Quick download example:

mkdir -p models
curl -L https://huggingface.co/ggerganov/whisper.cpp/resolve/main/ggml-base.en.bin -o models/ggml-base.en.bin

3. Build

mkdir build && cd build
cmake -DCMAKE_PREFIX_PATH=/opt/homebrew ..
make -j$(nproc)
sudo make install

Usage & Workflows

Examples

# Start a live session with the TUI and PM persona
meeting_assistant -l --ui -p gemini --persona pm

# Process a technical WAV file with web research enabled
meeting_assistant -f technical_sync.wav -p gemini --persona dev --research

# 100% Offline Workflow (Local Transcription + Local LLM)
meeting_assistant -l --ui -p ollama -L llama3

# Run as a native macOS Tray Application
meeting_assistant --tray

Dashboard Hotkeys

  • [Space]: Open AI Copilot modal for real-time questions.
  • [N]: Finalize current meeting and start a new session immediately.
  • [Q / ESC]: Save all reports and Quit.

Configuration

Settings are persisted in ~/.meeting_assistant/config.json.
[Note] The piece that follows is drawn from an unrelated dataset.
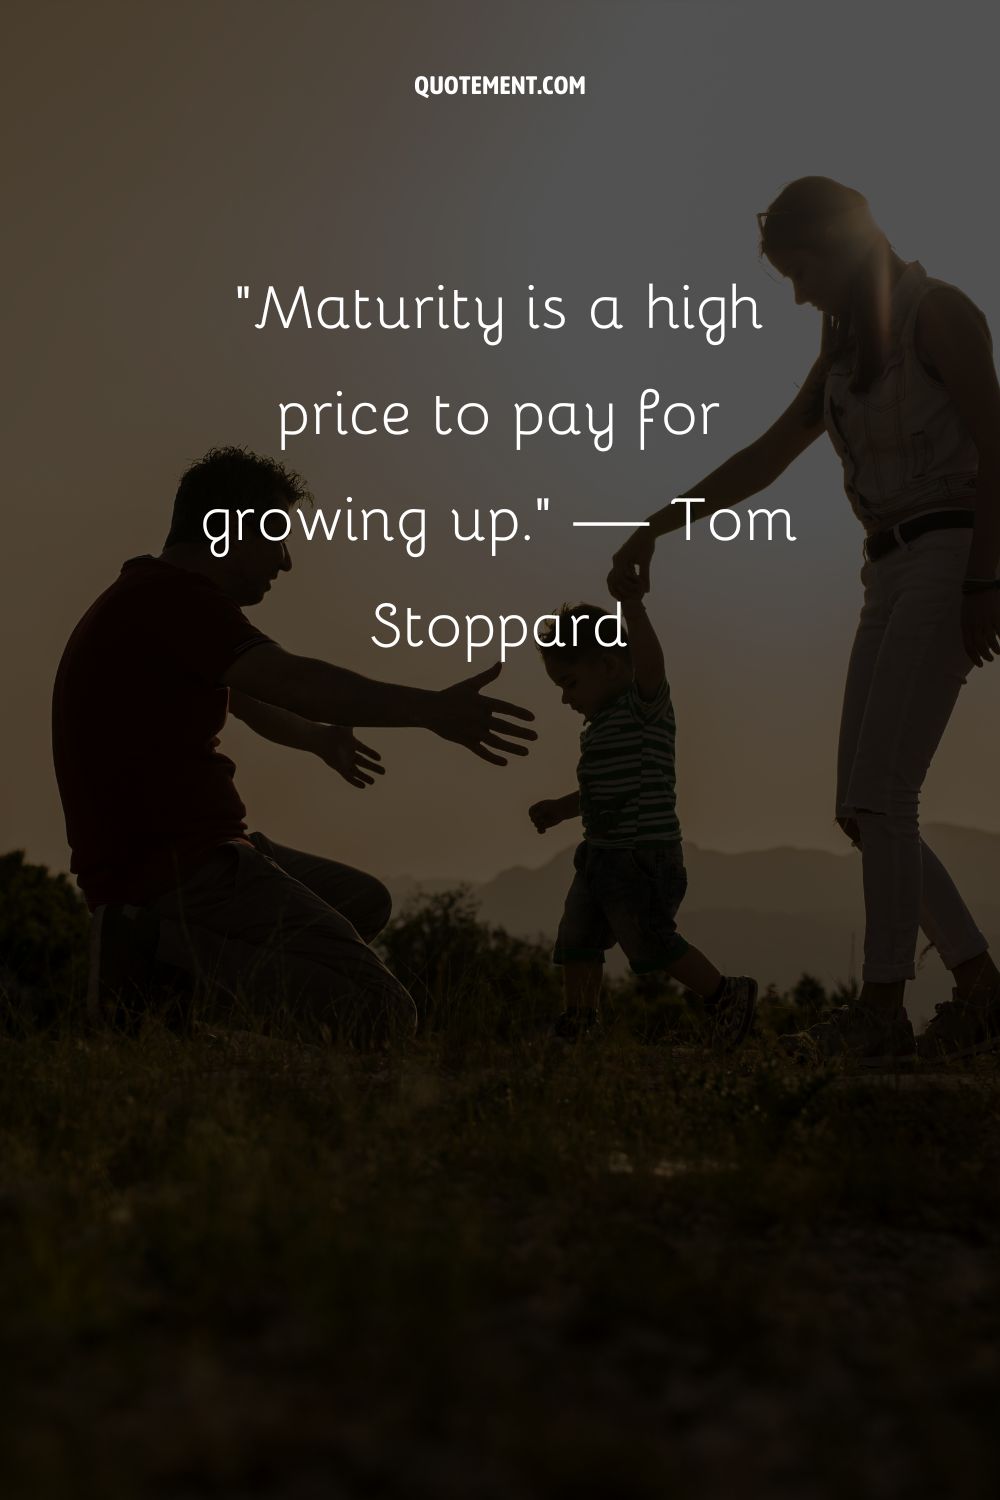 Mom, dad and little one together representing a quote about maturity.

  1. Copy the provided config.json.example to ~/.meeting_assistant/config.json.
  2. Populate your API keys (Gemini, OpenAI, or Ollama) and integration tokens (GitHub/GitLab).
  3. Alternatively, use the --save-config flag to persist your current CLI flags as defaults.

Tech Stack

  • C++17: Performance and concurrency.
  • whisper.cpp: Local, state-of-the-art STT.
  • FTXUI: Modern animated terminal interface.
  • PortAudio: Cross-platform audio capture.
  • libcurl: Robust LLM API communication with exponential backoff.

License

Apache License 2.0 - See LICENSE for details. Requires attribution.